START RECORDED DATA
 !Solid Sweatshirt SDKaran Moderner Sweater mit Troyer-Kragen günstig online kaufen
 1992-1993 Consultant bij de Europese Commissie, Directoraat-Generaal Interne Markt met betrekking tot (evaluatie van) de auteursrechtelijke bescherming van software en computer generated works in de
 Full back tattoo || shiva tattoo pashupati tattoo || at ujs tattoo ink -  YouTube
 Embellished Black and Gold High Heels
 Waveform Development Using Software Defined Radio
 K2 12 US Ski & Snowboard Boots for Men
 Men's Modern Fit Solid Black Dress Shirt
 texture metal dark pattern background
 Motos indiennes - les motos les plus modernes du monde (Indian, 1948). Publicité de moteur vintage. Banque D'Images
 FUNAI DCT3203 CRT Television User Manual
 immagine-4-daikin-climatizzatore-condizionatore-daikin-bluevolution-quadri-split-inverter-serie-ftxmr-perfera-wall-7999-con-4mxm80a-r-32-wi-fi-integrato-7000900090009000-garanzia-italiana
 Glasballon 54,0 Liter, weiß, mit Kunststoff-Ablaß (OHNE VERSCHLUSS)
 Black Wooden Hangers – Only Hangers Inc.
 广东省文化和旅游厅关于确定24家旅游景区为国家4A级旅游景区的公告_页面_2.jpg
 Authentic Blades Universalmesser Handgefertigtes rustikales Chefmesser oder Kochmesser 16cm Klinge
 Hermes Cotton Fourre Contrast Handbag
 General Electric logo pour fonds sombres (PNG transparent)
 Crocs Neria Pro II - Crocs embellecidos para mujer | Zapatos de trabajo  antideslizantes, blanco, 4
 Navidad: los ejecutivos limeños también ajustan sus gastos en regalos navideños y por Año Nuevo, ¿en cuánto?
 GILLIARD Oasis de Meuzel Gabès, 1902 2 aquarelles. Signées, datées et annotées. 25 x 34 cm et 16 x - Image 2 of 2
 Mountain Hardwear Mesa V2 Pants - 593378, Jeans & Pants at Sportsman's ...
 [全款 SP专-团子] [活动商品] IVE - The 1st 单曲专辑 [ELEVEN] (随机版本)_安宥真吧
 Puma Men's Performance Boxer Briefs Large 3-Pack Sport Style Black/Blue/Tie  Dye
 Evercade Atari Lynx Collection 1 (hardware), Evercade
END RECORDED DATA
• **WHAT THIS TASK INVOLVES**: Only the lines with "Solid" are needed; find them in the records and copy each one.

• **SOLVED PROBLEM**:
 !Solid Sweatshirt SDKaran Moderner Sweater mit Troyer-Kragen günstig online kaufen
 Men's Modern Fit Solid Black Dress Shirt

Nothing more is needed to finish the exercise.